突然间,星野森在快要挥出致胜一刀时踏到了雪以外的东西,经验丰富的他马上就知道那是甚么东西。
一块薄的令人心寒的冰。
不到十分之一秒的反应时间不足以把他从失败的深渊拉回,他的整只左脚没入了冰窟内,厚重的军靴无法抵档细微的水分子,冰冷的液体瞬间侵袭了他的脚跟。

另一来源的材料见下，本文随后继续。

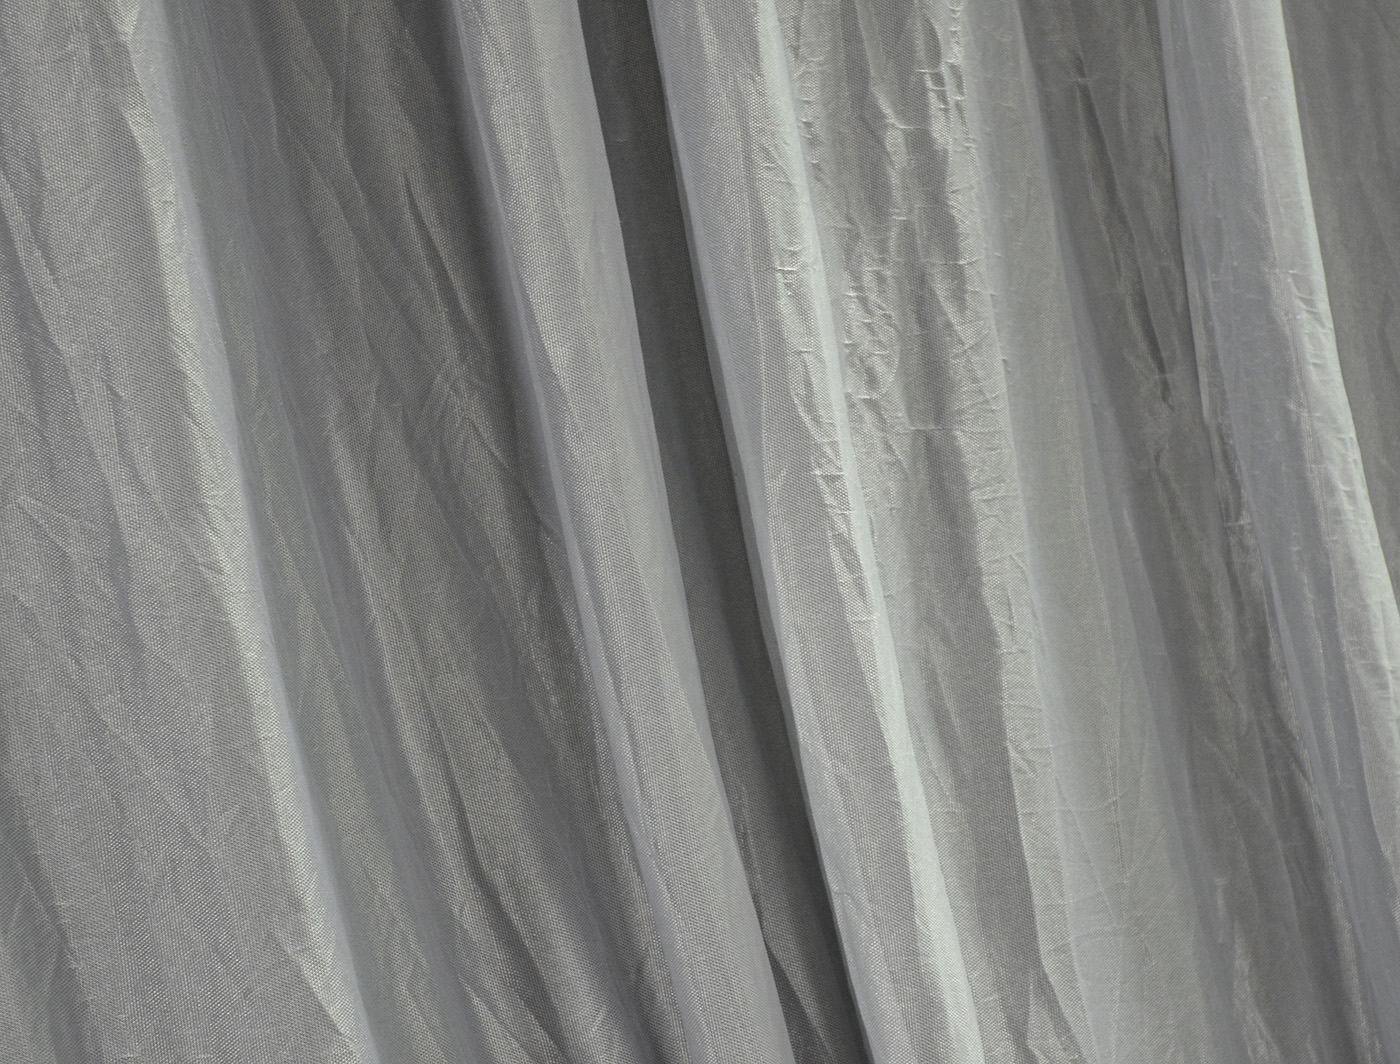 SILVET SHEEN IN NATURAL LIGHT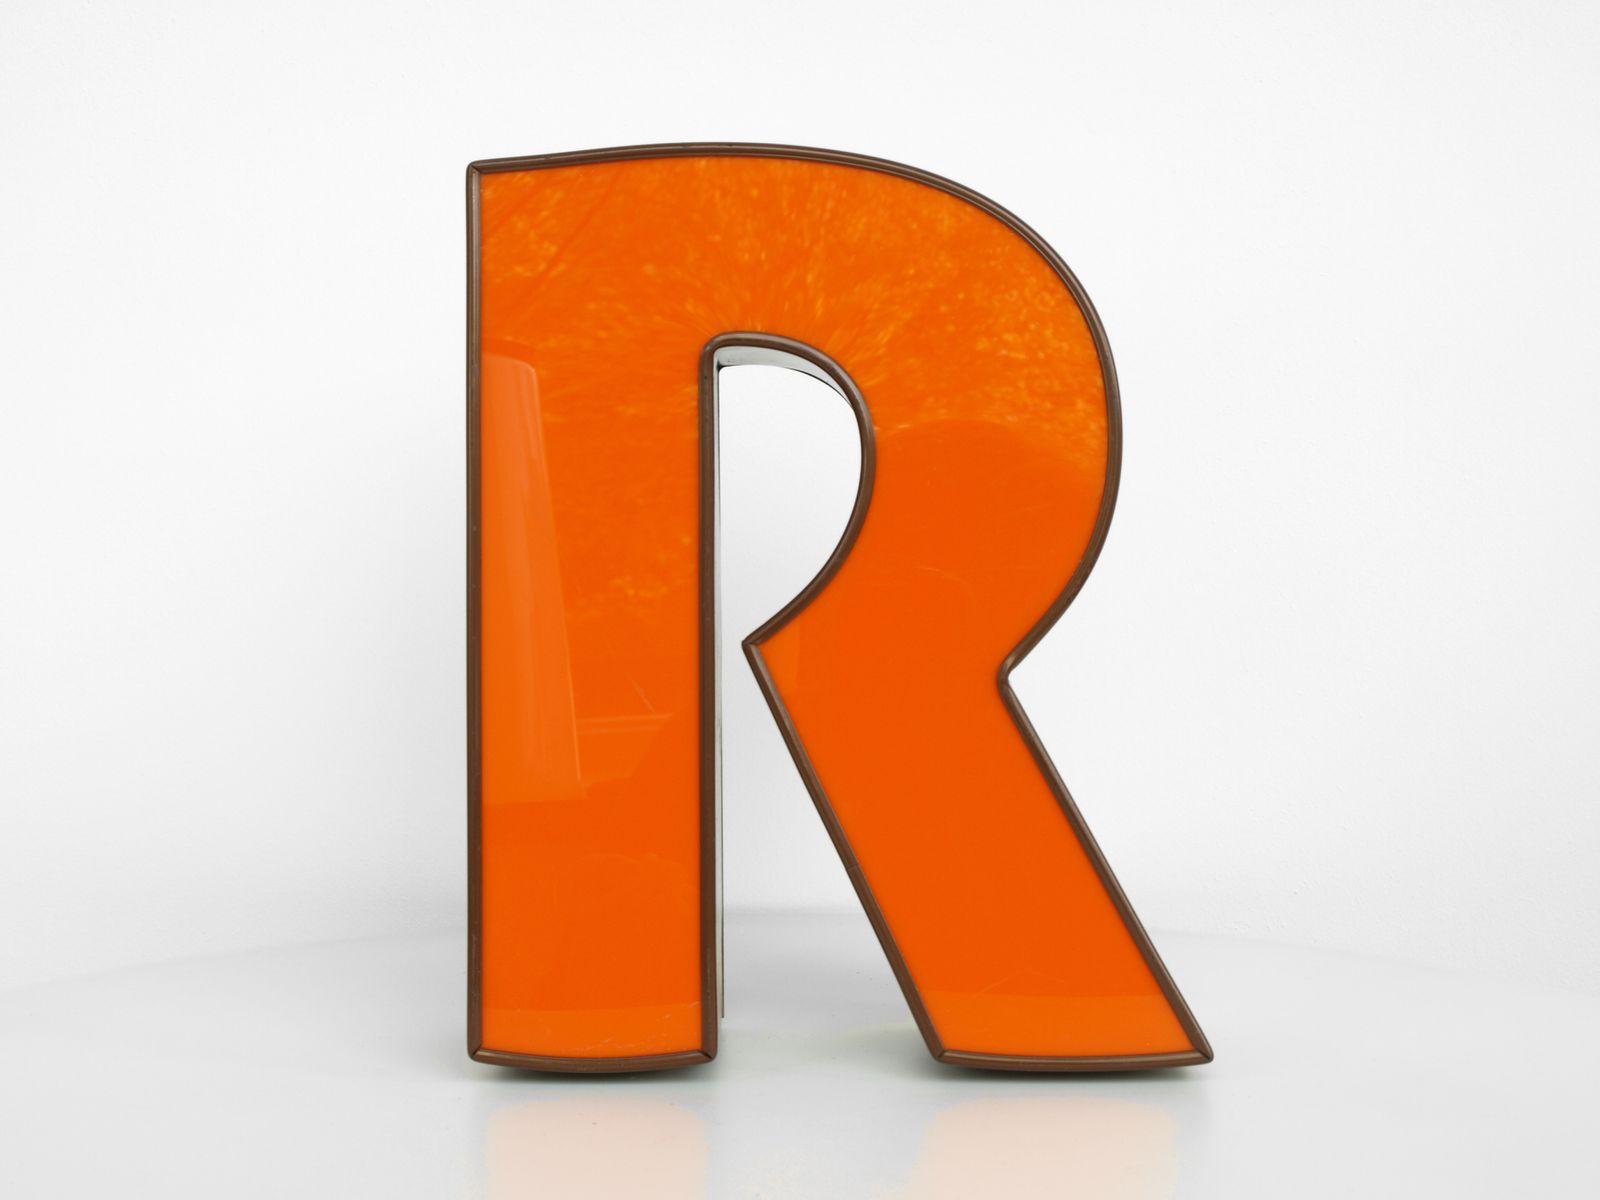 Vintage Leuchtbuchstabe R In Orange Braun Bei Pamono Kaufen

高手之间的过招是不容许有任何失误的,星野森或许可以再下一秒重新站起来,但这一秒绝对足以让敌人了结他的生命。
‘你死定了,星野森!’
郭路天露出了极度狰狞的表情,同时举起他的大剑重付他最爱的招式,直劈,简单而俐落。
重剑划了一个漂亮的弧度,却在刚好完成半圆时停了下来,郭路天的脸上也露出了惊恐,他的重剑的的确确的停在了他的头上。
‘该死的,郭路天,你怎么就不在多撑个一秒…一秒…’
郭路天坚定的身躯开始颤抖,他的体力似乎到了极限,握着剑的手指一根又一根的松开,最后完全放开,大剑再也不堪地球引力的吸引,离开了他的主人,笔直的插在郭路天身后。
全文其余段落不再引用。